- _Action item_
Extract, exactly and without pictures, every line from the one that includes "文明デマンド司書リムーバーパ" through the final line of the material below.

- _Data provided_
<<<<
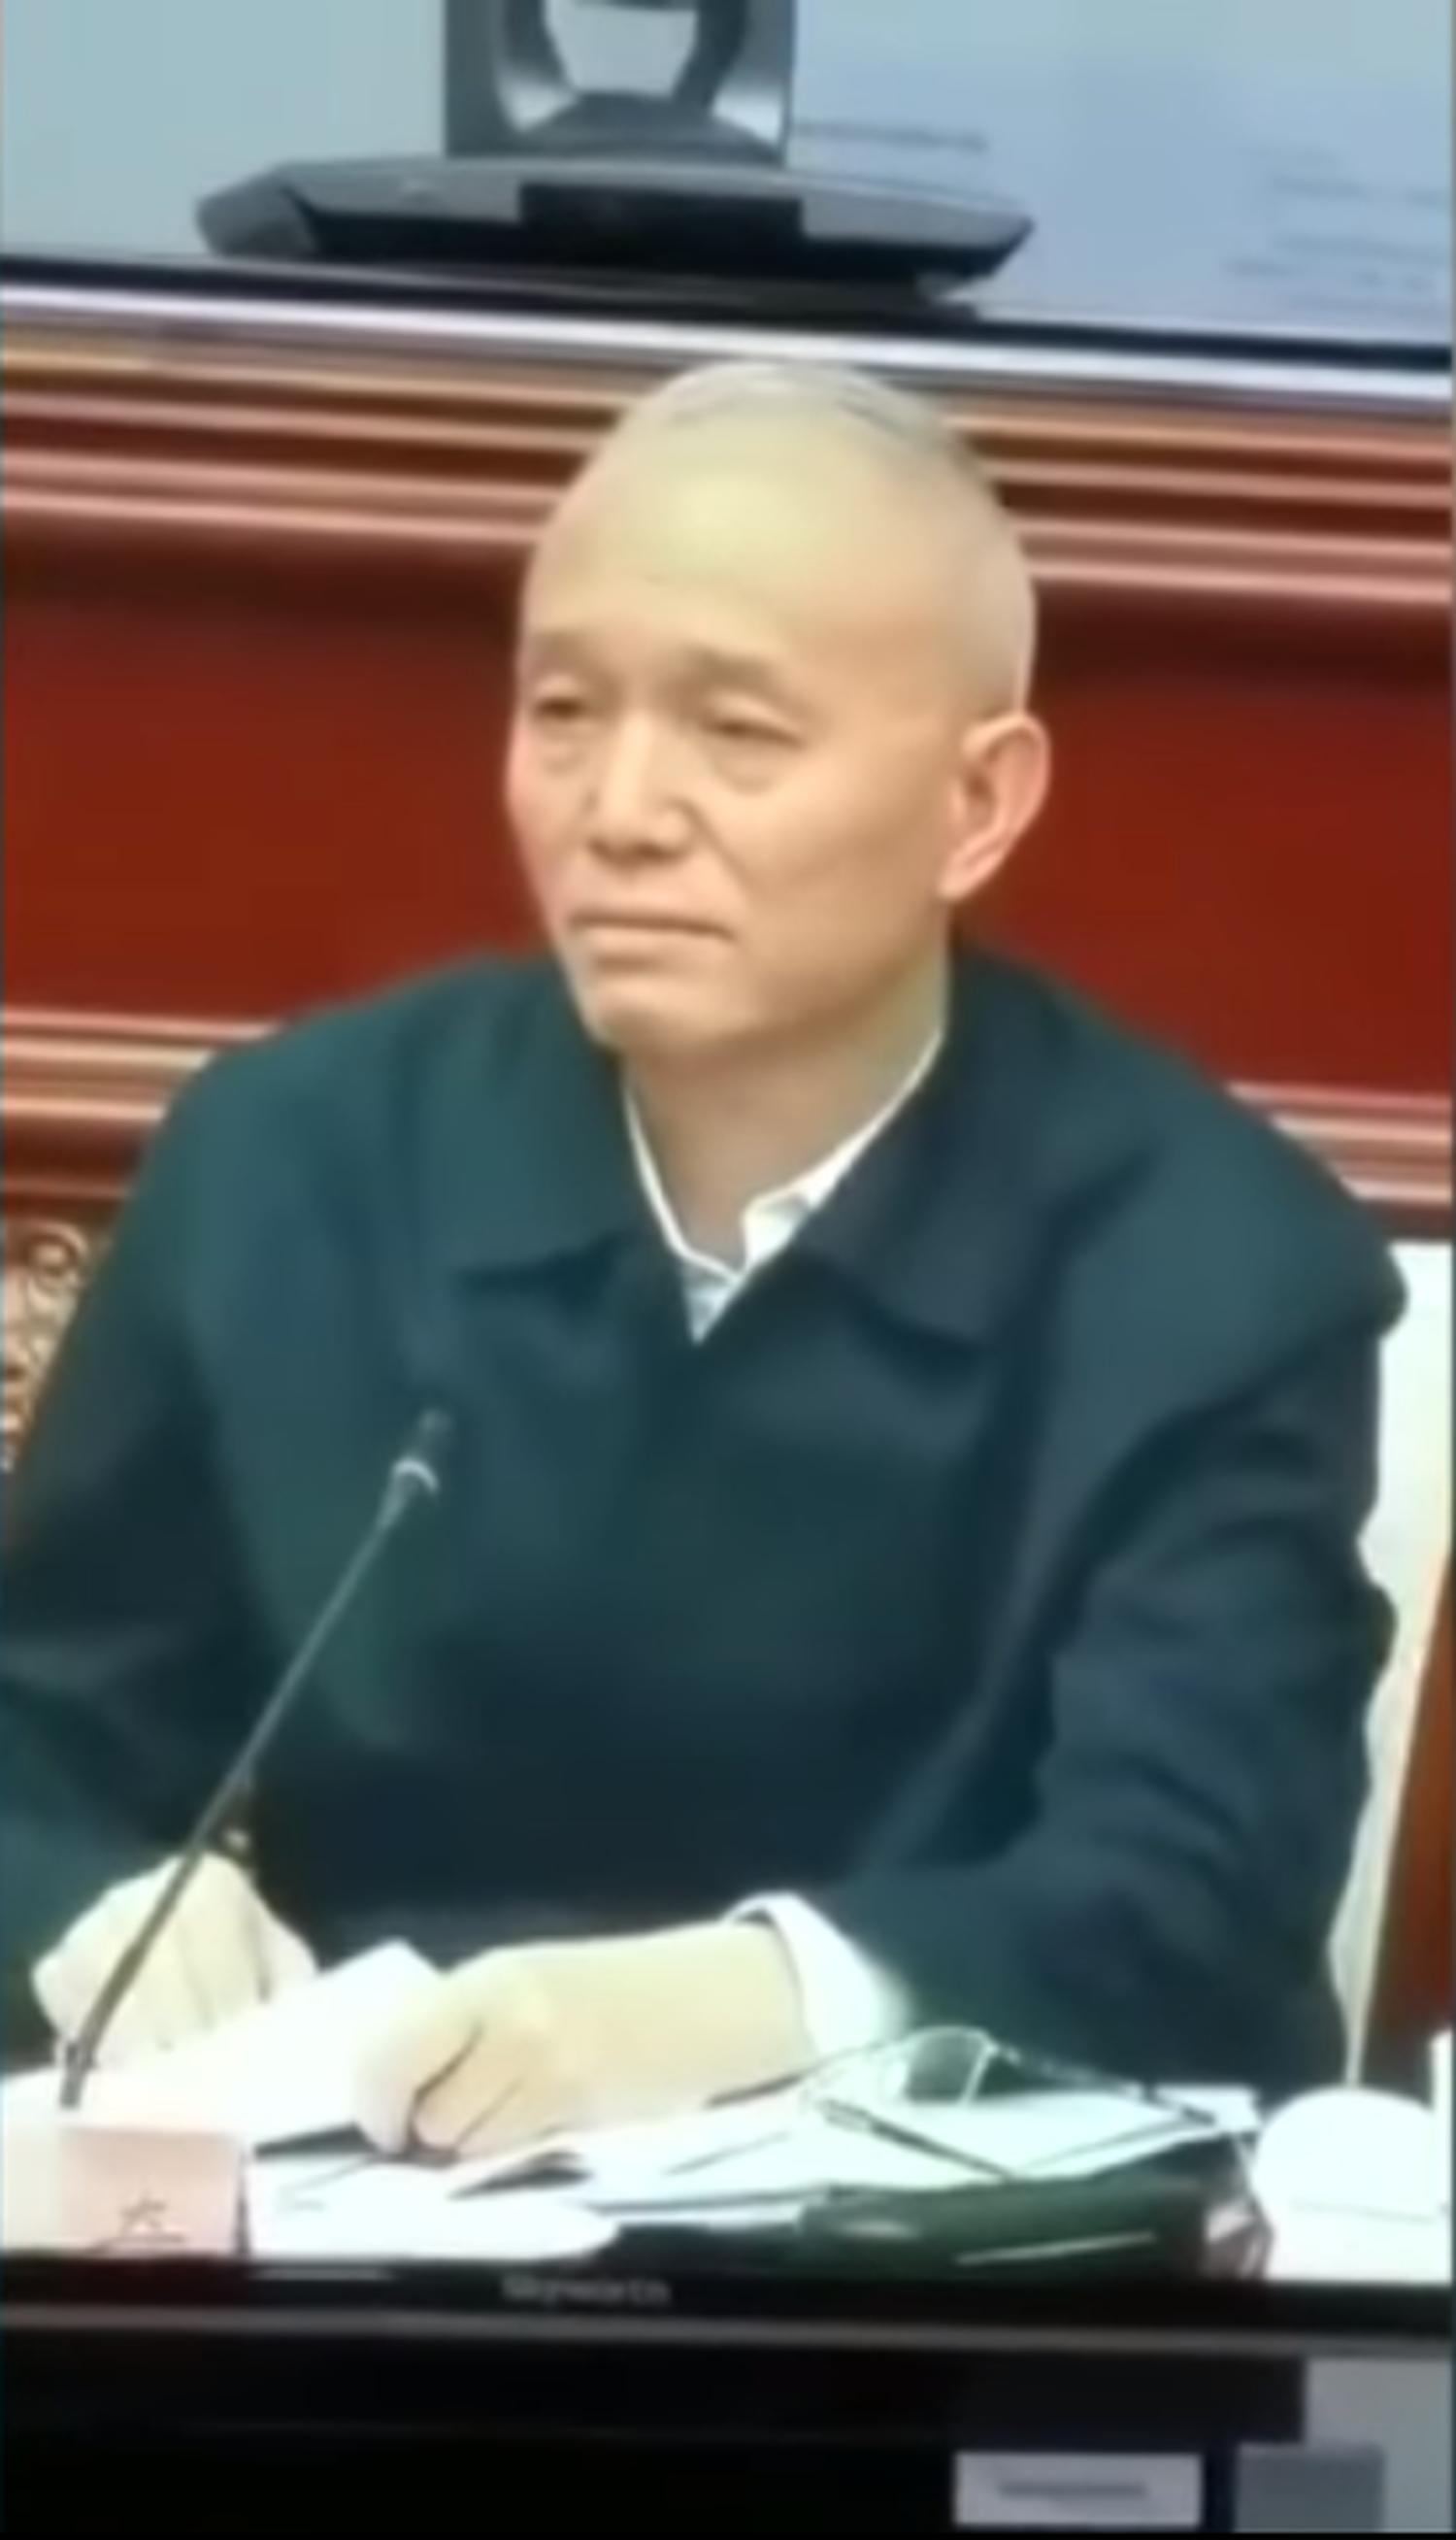 蔡奇在一場內部會議上措辭嚴厲,要求下屬敢於硬碰硬。(視頻截圖)
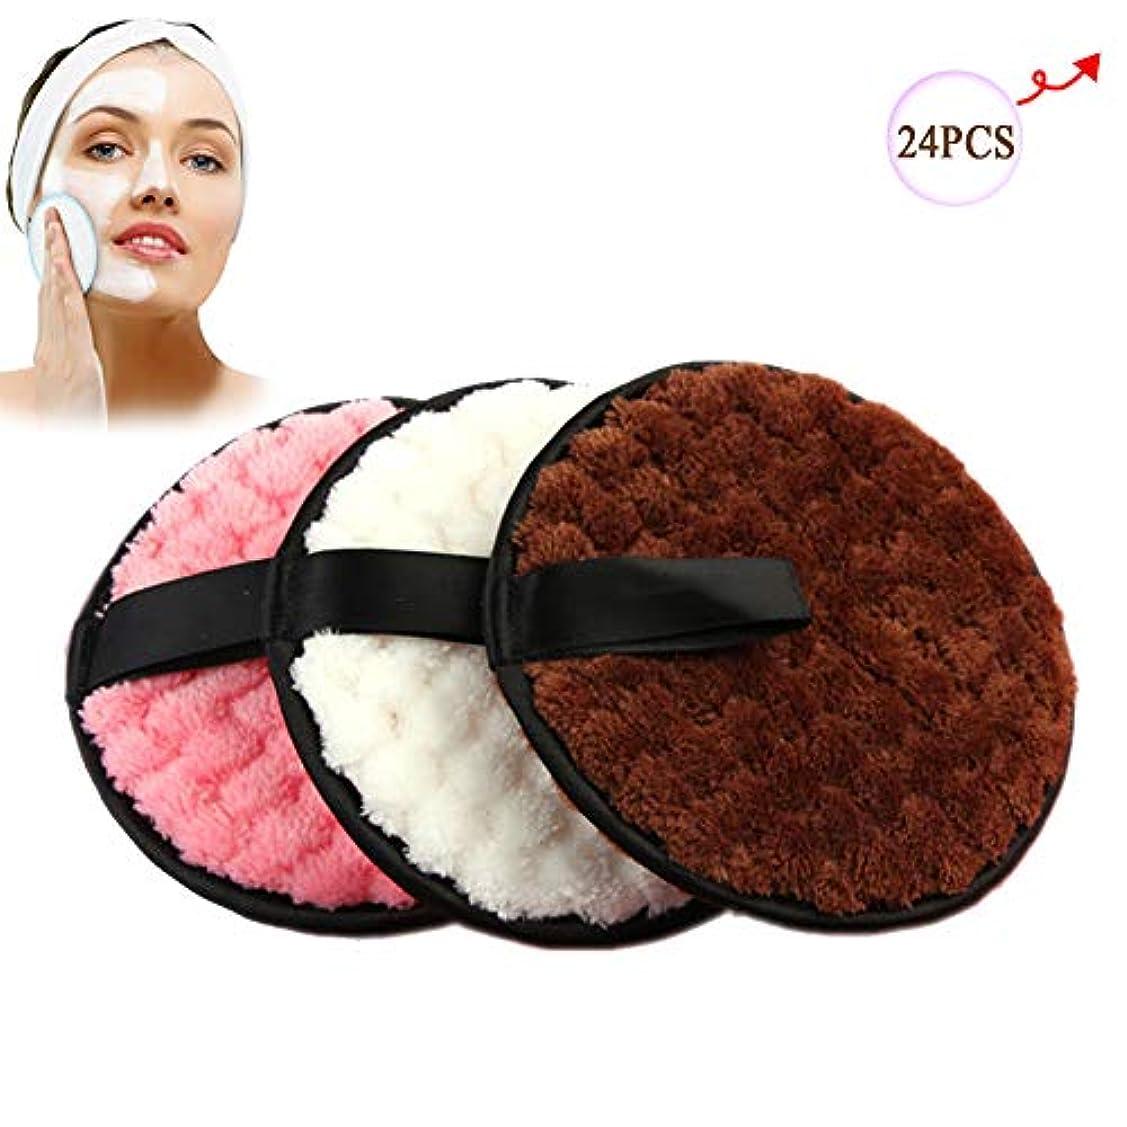 文明デマンド司書リムーバーパッド、再利用可能なクレンジングコットンファイバー吸収性綿パッド女性のための顔/目/唇,24PCS
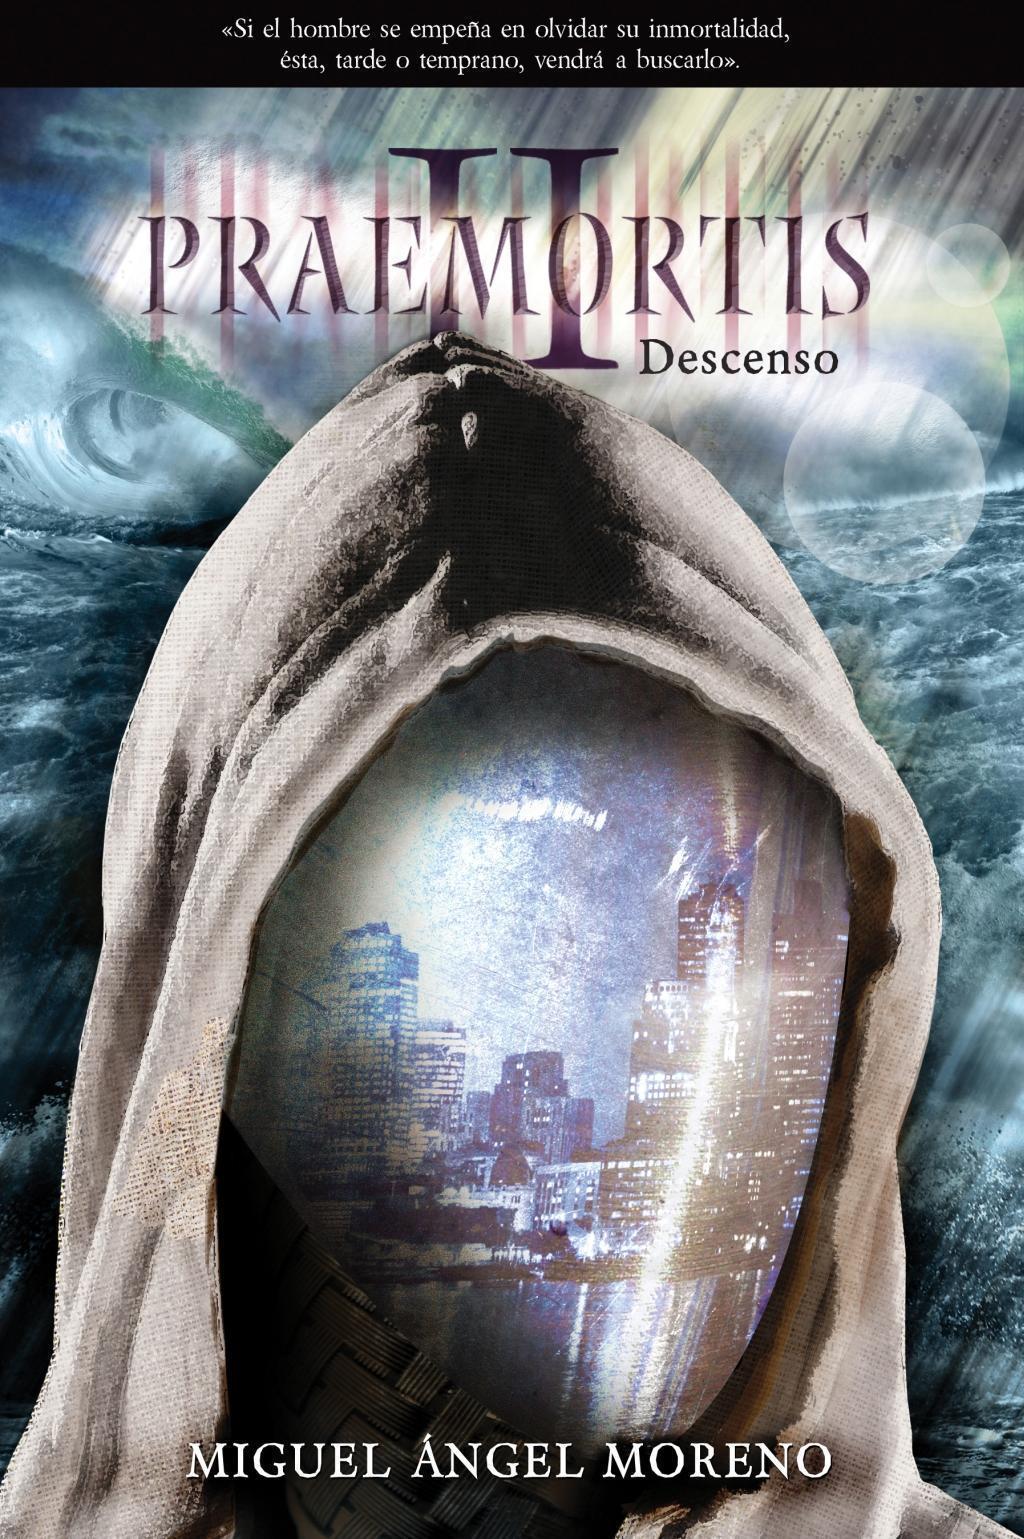 Praemortis 2
>>>>
- _Response area_
 文明デマンド司書リムーバーパッド、再利用可能なクレンジングコットンファイバー吸収性綿パッド女性のための顔/目/唇,24PCS
 Praemortis 2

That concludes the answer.